→ **Source material**
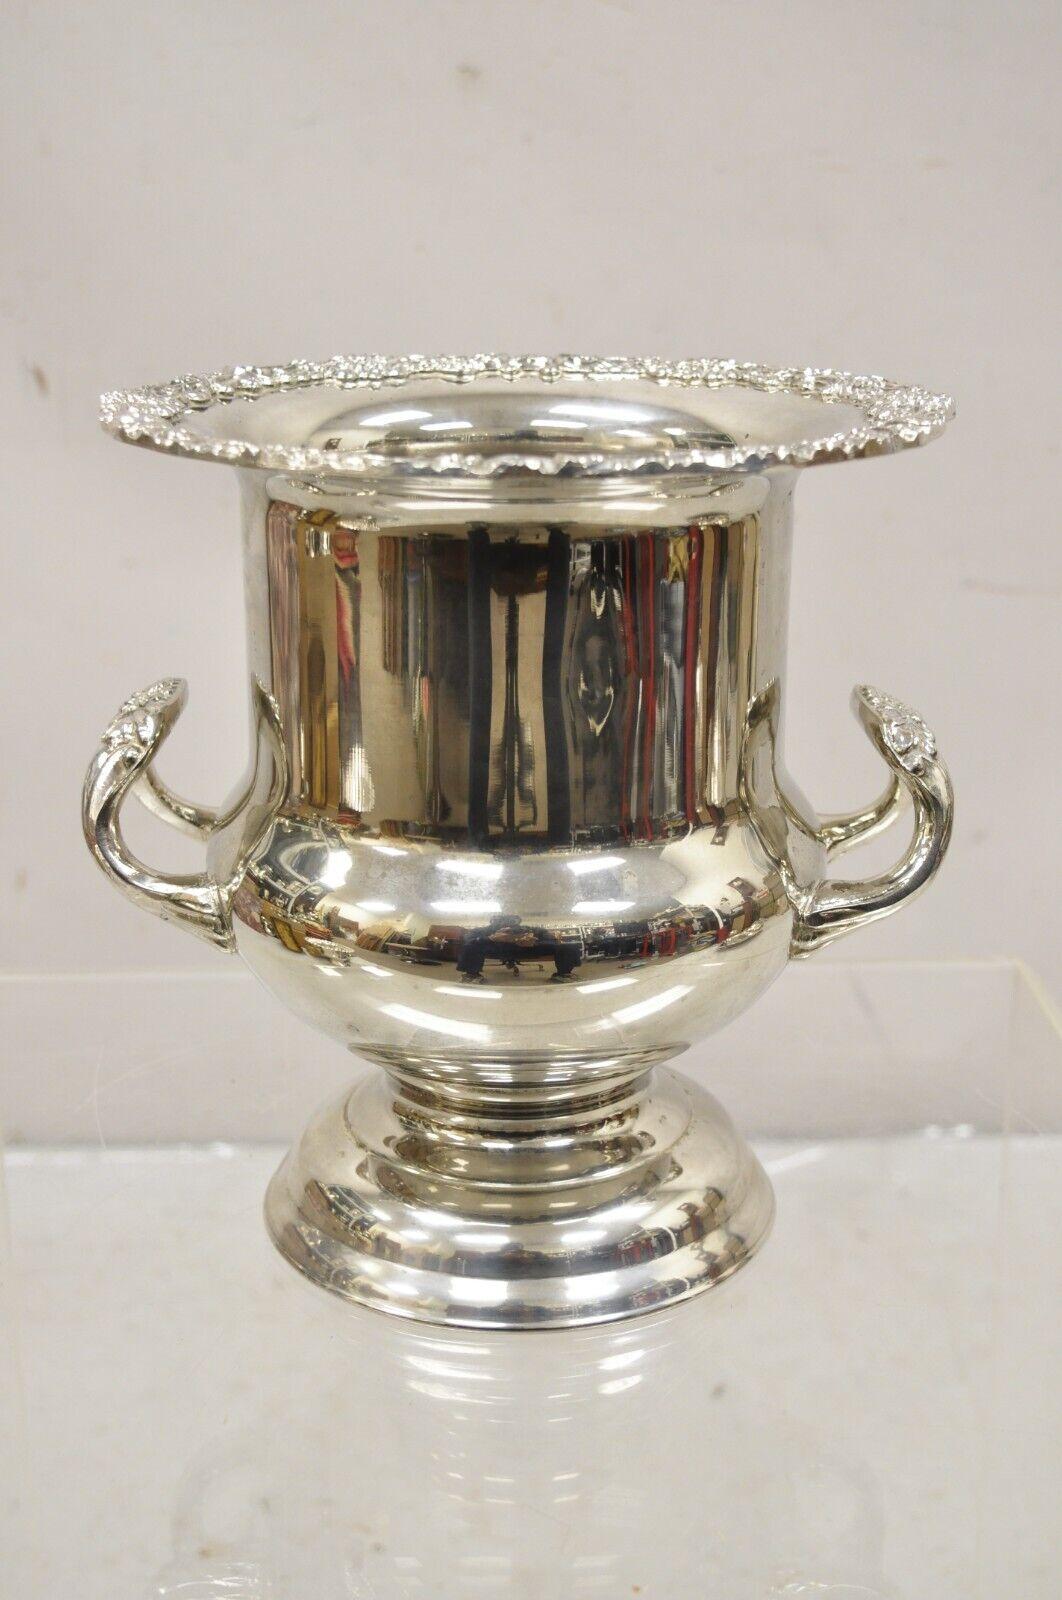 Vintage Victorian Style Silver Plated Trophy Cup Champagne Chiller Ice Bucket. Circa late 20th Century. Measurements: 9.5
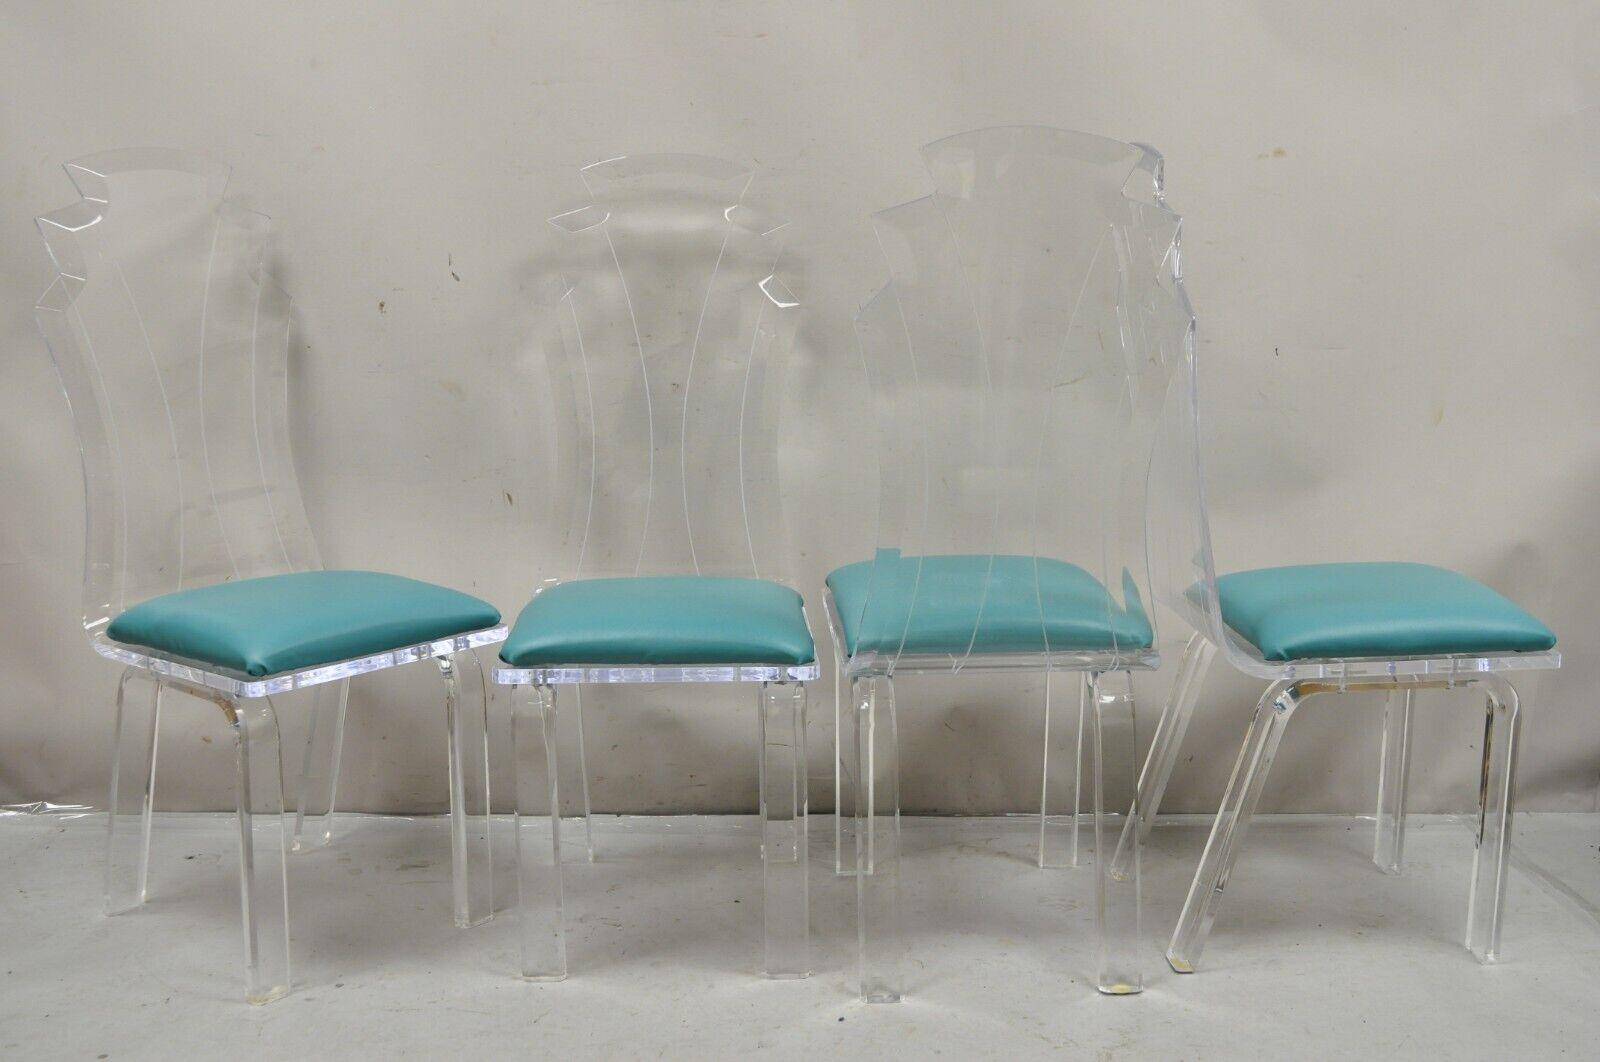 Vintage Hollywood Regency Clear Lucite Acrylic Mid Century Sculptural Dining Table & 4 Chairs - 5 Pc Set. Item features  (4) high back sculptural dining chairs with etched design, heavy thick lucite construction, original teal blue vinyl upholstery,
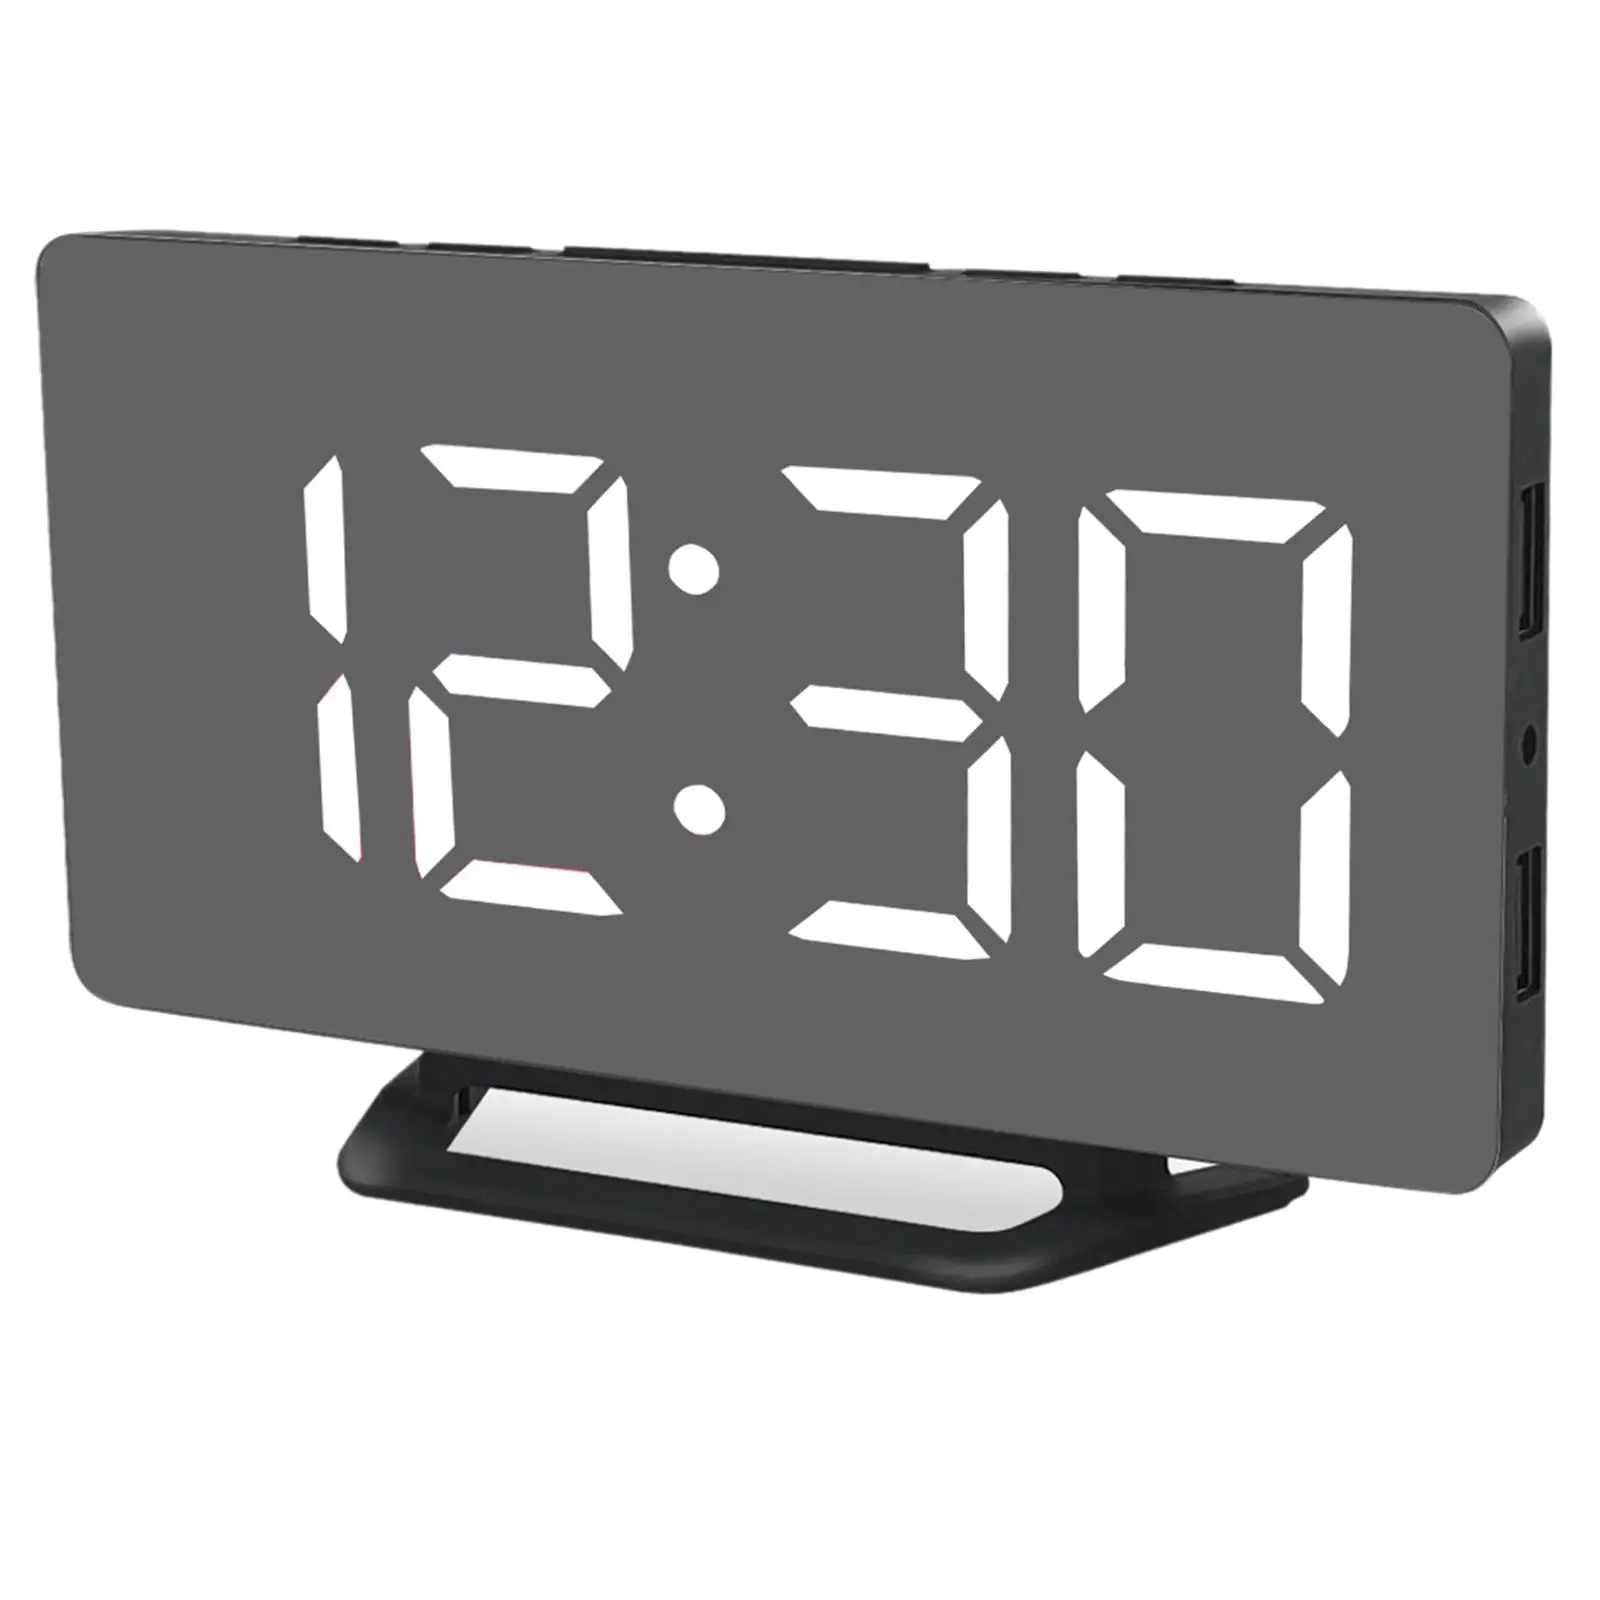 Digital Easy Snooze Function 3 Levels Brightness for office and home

→ **Work order**
Reproduce the listing exactly, but keep its images out of the copy.

→ **Task result**
 Vintage Victorian Style Silver Plated Trophy Cup Champagne Chiller Ice Bucket. Circa late 20th Century. Measurements: 9.5
 Vintage Hollywood Regency Clear Lucite Acrylic Mid Century Sculptural Dining Table & 4 Chairs - 5 Pc Set. Item features  (4) high back sculptural dining chairs with etched design, heavy thick lucite construction, original teal blue vinyl upholstery,
 Digital Easy Snooze Function 3 Levels Brightness for office and home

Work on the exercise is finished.